Industry Implications
- Clem Delangue (Hugging Face): predicts the majority of AI workflows will shift to in-house open-source models rather than API-based access.
- The “API tax” is compared to cloud markup from a decade ago — as fine-tuned open models become viable, cost-switching pressure grows.
- Implications for frontier labs: they face classic disruption — their models may be “over-serving” specific use cases (more generally intelligent than customer service requires), while open-weight models with good post-training are sufficient and cheaper.
- Suggested lab response: acquire companies with domain-specific evals, build cheaper specialized models, pursue data partnerships or M&A.
- The host does not predict mass fragmentation — post-training expertise is rare — but expects significantly more experimentation by data-rich companies.
Key Concepts
- Claude Mythos: Anthropic’s unreleased, highest-tier AI model, above the Opus line, accidentally revealed via a leaked draft blog post; described as their most capable model to date.
- Vertical AI model: A model trained or post-trained for a specific domain or use case, as opposed to a general-purpose frontier model.
- Post-training: The process of further training a base model (including fine-tuning and reinforcement learning) on domain-specific data after initial pre-training; distinct from training from scratch.
- Pre-training: Large-scale initial model training on broad data corpora; the computationally intensive phase that produces base models.
- The Bitter Lesson: Rich Sutton’s 2019 principle that general methods leveraging computation consistently outperform approaches encoding human knowledge, across all major AI domains.
- Open-weight models: AI models whose weights are publicly released, allowing others to fine-tune or build upon them (e.g., Kimi K2.5).
- Last-mile usage data: Real interaction data generated at the actual point of user experience, considered potentially valuable for domain-specific post-training.
- Apex: Intercom’s proprietary domain-specific model for customer service, claimed to outperform frontier models on resolution rate, hallucination rate, speed, and cost.
- Composer 2: Cursor’s coding-focused model, post-trained from Kimi K2.5 using reinforcement learning; competitive with top frontier models on coding benchmarks.
- Agent lab thesis: The thesis (articulated by Latent Space/Swix) that post-training on open-weight models can close or exceed the gap with closed frontier models for specific domains.
- Gemini 3.1 Flash Live: Google’s real-time voice model enabling continuous, natural dialogue rather than turn-based interaction.
- Tinker: Shopify’s free mobile app providing 100+ AI tools for e-commerce merchants, designed to lower the barrier to AI-powered content creation.
- Codex (OpenAI): OpenAI’s AI coding tool, updated with plugin support for broader workflow coverage.
- Speciation (of AI models): Andrej Karpathy’s term for the expected diversification of AI into many domain-specific intelligences, analogous to biological diversity in the animal kingdom.
Summary
The episode argues that the AI industry is at an inflection point where domain-specific vertical models, built through post-training on real-world interaction data rather than from scratch, can now outperform general-purpose frontier models within their target domains — as demonstrated by Cursor’s Composer 2 (coding) and Intercom’s Apex (customer service).
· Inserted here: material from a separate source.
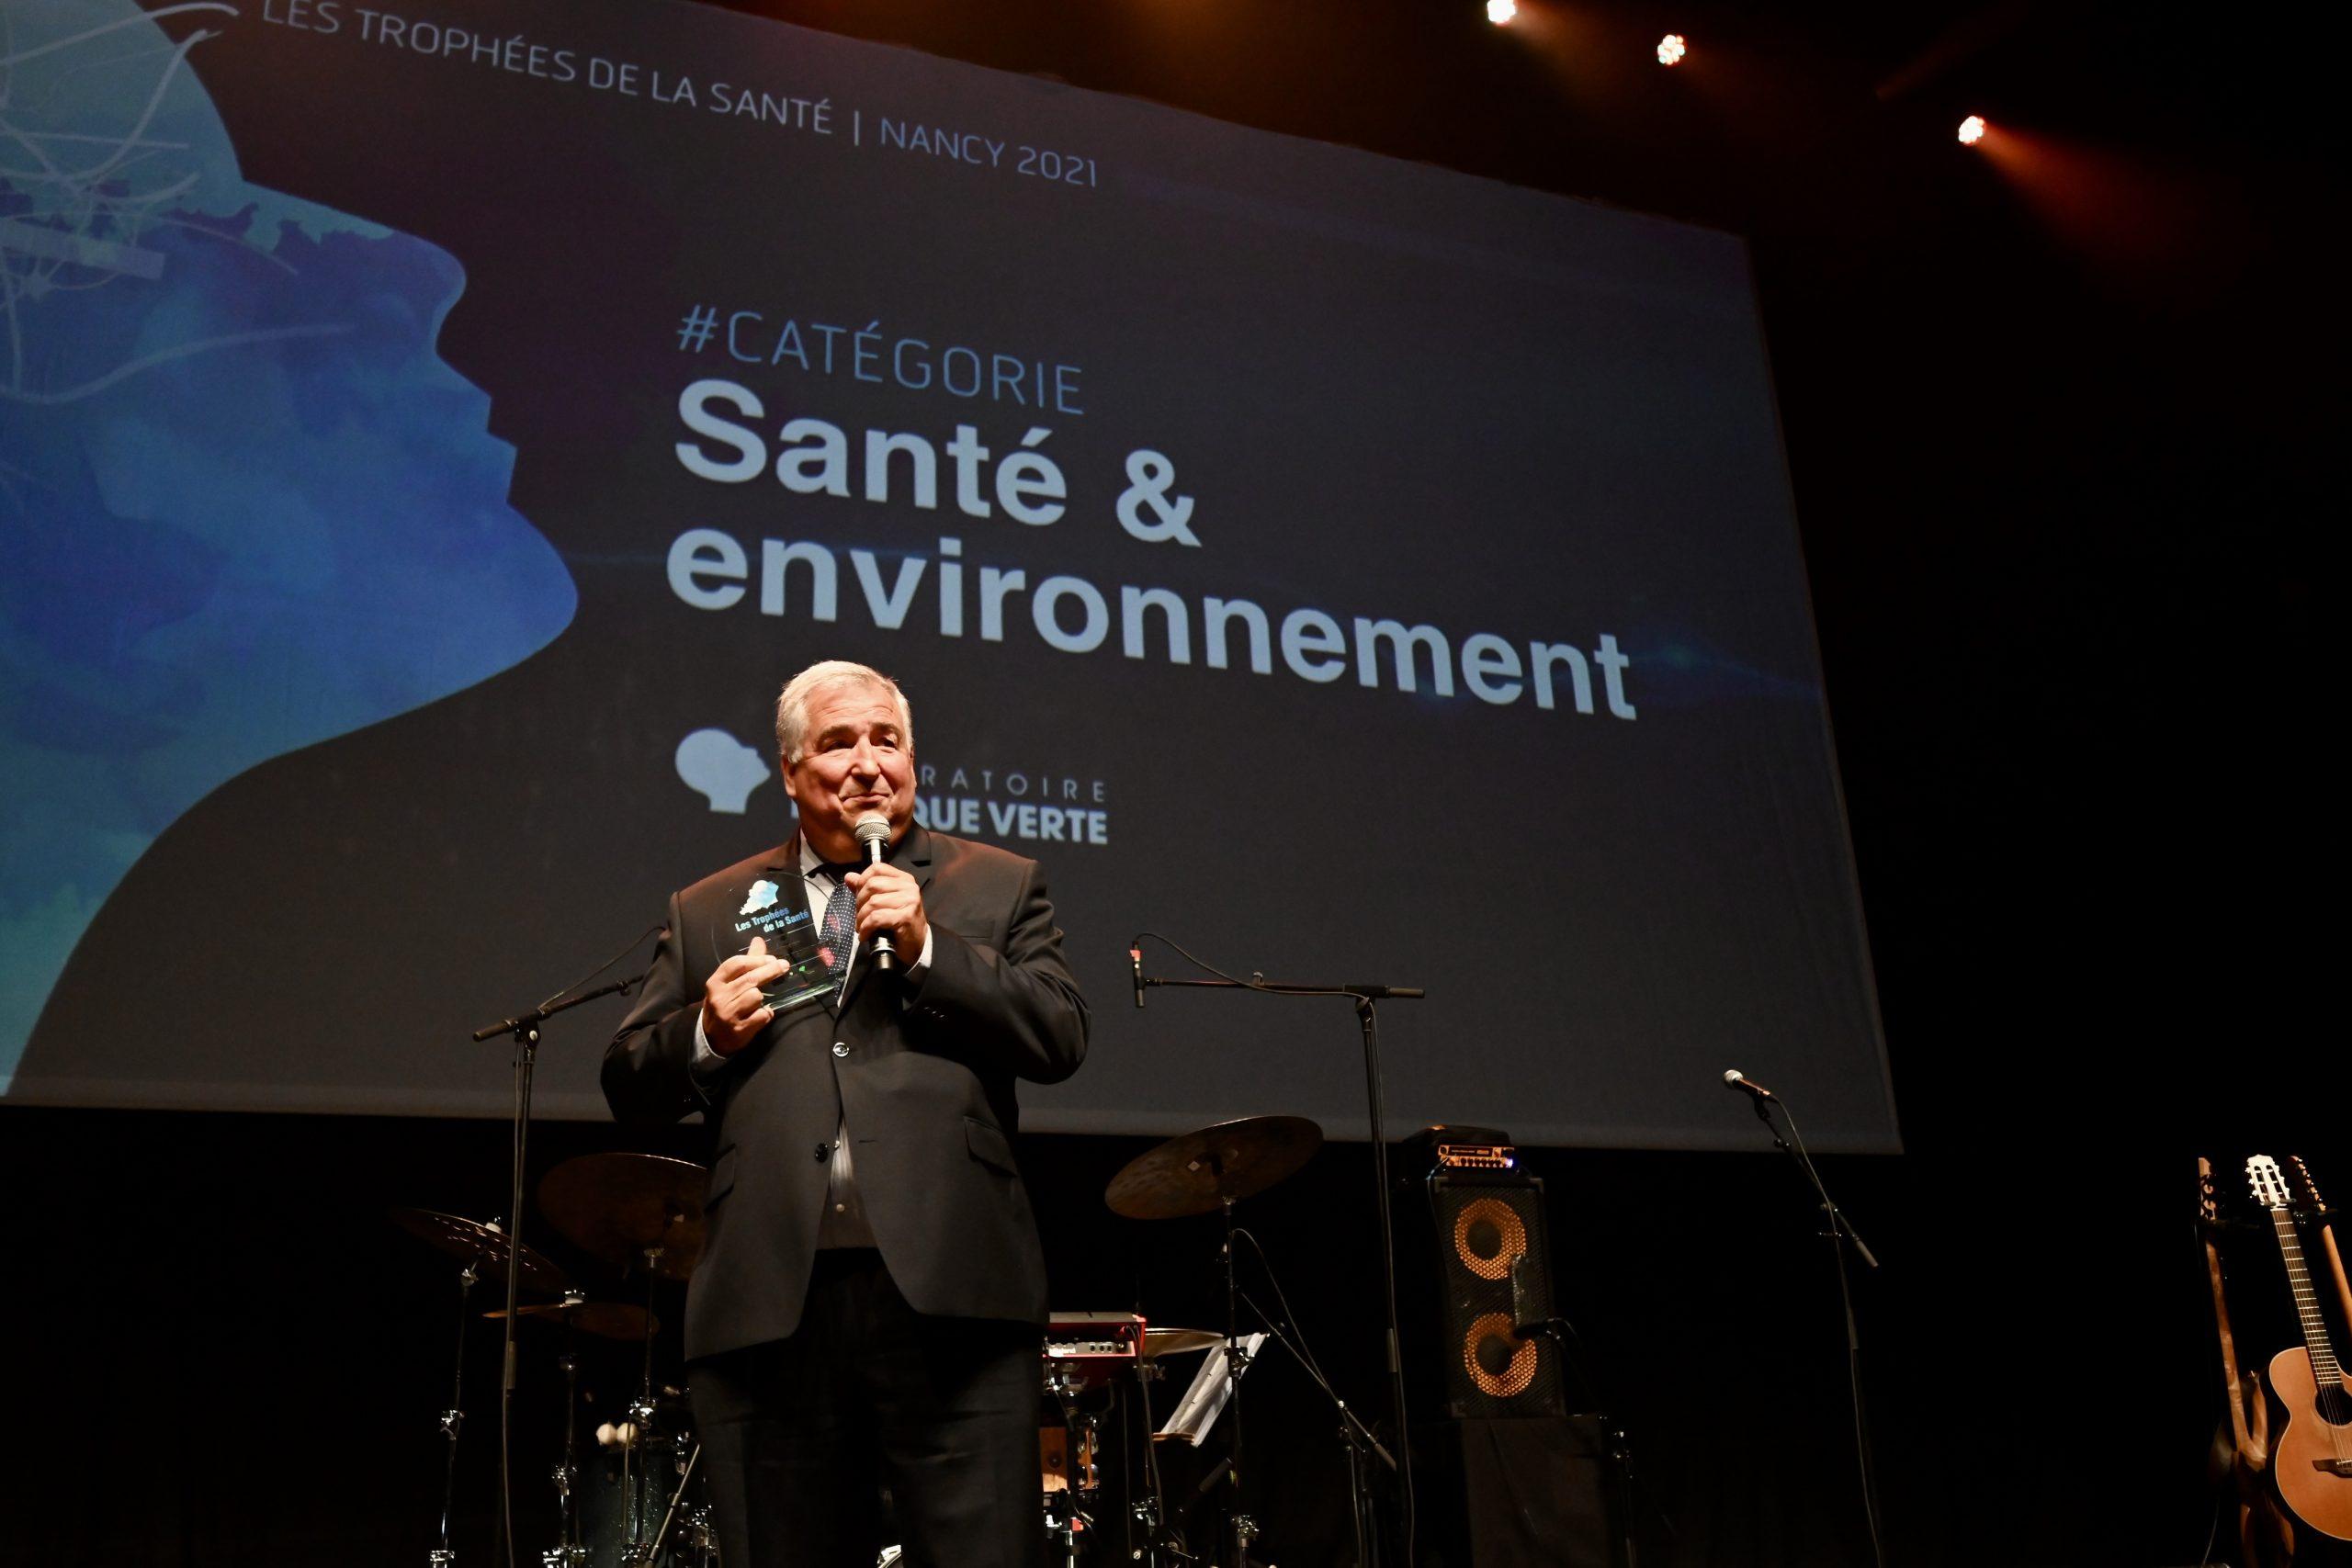 Jean-Paul Fèvre lors de la remise du prix le 26 août 2021 sur la scène du Zénith de Nancy.

This dynamic is framed not as a contradiction of Sutton’s Bitter Lesson, but as its next phase: the winning data is not encoded human expertise but experiential data from millions of real interactions, exactly what Sutton himself anticipated. Simultaneously, the episode covers Anthropic’s accidental leak of Claude Mythos — their most powerful model ever, above the Opus tier — highlighting that frontier labs continue to push capability ceilings even as the competitive landscape below them evolves rapidly. The broader message is one of accelerating change on multiple fronts: model architectures, business models, distribution strategies, and the race toward potential IPOs — with the host concluding that companies sitting on large proprietary interaction datasets and post-training talent are increasingly well-positioned to challenge frontier lab dominance in specific verticals.